The distribution of the study sample is displayed in red, the distribution of the US Census data in blue.

https://doi.org/10.1371/journal.pone.0214369.g001

Measures and procedure

Participants were asked to complete a 5-minute long questionnaire, which included questions about their zip code, age, gender, ethnicity, educational attainment, occupation industry, and personality as measured by the BFI-10, an established short measure of the Five Factor Model of personality [28]. In addition, they were asked about their annual income (“What was your total income in USD, before taxes and other deductions from January 1st 2014 to December 31st 2014? Please include money from jobs or self-employment, net income from business, farm or rent, pensions, dividends, welfare, social security payments, and any other money income that you received during that time”). Fig 1 displays the density distribution of participants’ self-reported income, which is compared to the density distribution of the US population in 2014 reported by the US Census Bureau. Due to the nature of our sample and the fact that we had to exclude a considerable number of participants (see section above), our income distribution deviates from the population distribution in that it is skewed towards low-income participants, even though it follows the same pattern.

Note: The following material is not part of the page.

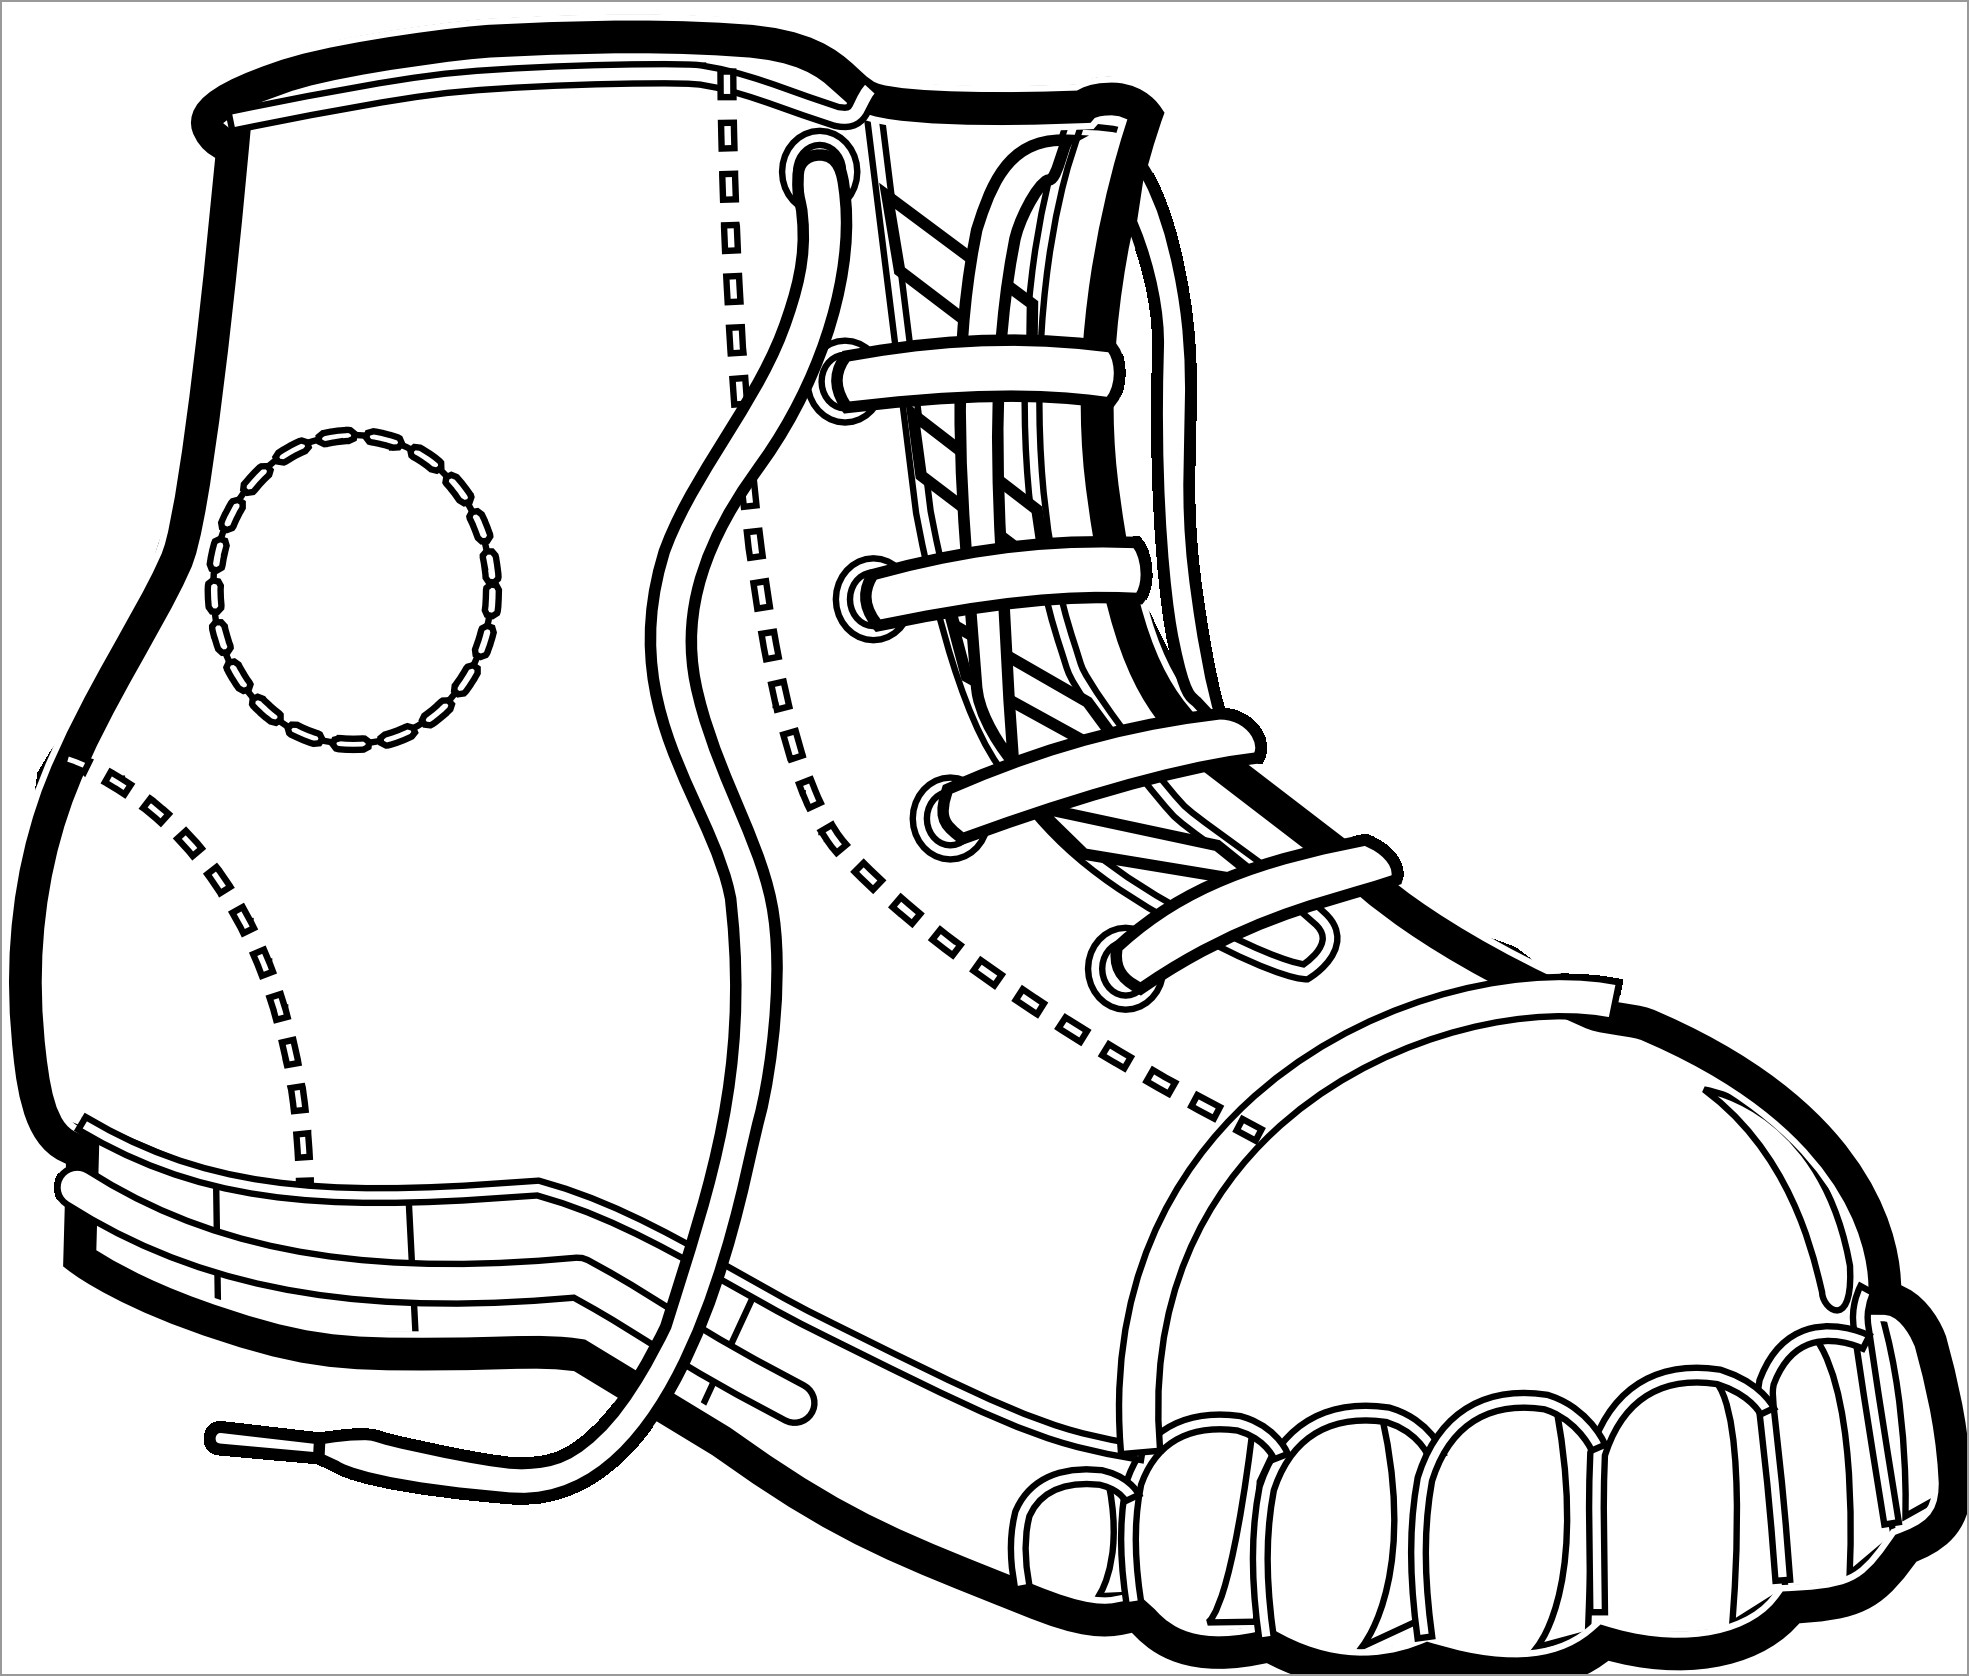 Winter Boots Coloring Page

At the beginning of the questionnaire participants were asked to provide their informed consent and to grant us access to their Facebook Likes (official Page Likes, i.e. excluding any other Likes such as friends’ photos or status updates) and Status Updates. On average, people included in our final dataset had 822 Likes (SD = 1,470) and 18,377 words in their Status Updates (SD = 30,132). Compared to previous publications using Facebook data (e.g. obtained from databases such as myPersonality.org which contains data from 2007 to 2012, [29]), the number of Likes and words in status updates is significantly higher. This is expected, however, as Likes and Status Updates accumulate over time and have seen an exponential growth in recent years. A person, who back in 2012 had 250 Likes, for example, is likely to have liked a substantial number of additional Pages over the following years, while deleting Likes remains rare.

Prediction models

We developed three behavior-based prediction models based on: (i) Likes, (ii) language from Status Updates, and (iii) the combination of Likes and Status Updates. Following the procedure described by [15] for language-based assessment and an adapted version of [18] for Likes-based assessment, we built the prediction models in three steps.

In the first step, we turned Likes and Status Updates data into two large matrices—users by Likes and users by words—with users in rows and Likes/words in columns. For the user-Likes matrix, entries were set to 1 if the participant was associated with the Like and to 0 if the participant had no association with the Like. For the user-Status-Update matrix, we first extracted all words and phrases (up to 3 word sequences; e.g. “hit me up”) using a social media tokenizer [17], a computer program that automatically identifies typical words as well as emoticons, hashtags (e.g. “#election2016”), and slang (e.g. “g’nite”, “smh”–shaking my head). Entries were subsequently set to represent the relative frequency of word use, as well as binary 0/1 indicating whether the word was used at all. Function words, such as articles or pronouns, were retained intentionally as they have been found to significantly relate to individual differences. For example, “the” and other articles have been found to be used more frequently by those with higher intelligence or education [17,30] while self-references, such as “me,” have been found more frequent among individuals who are depressed or anxious [30,31].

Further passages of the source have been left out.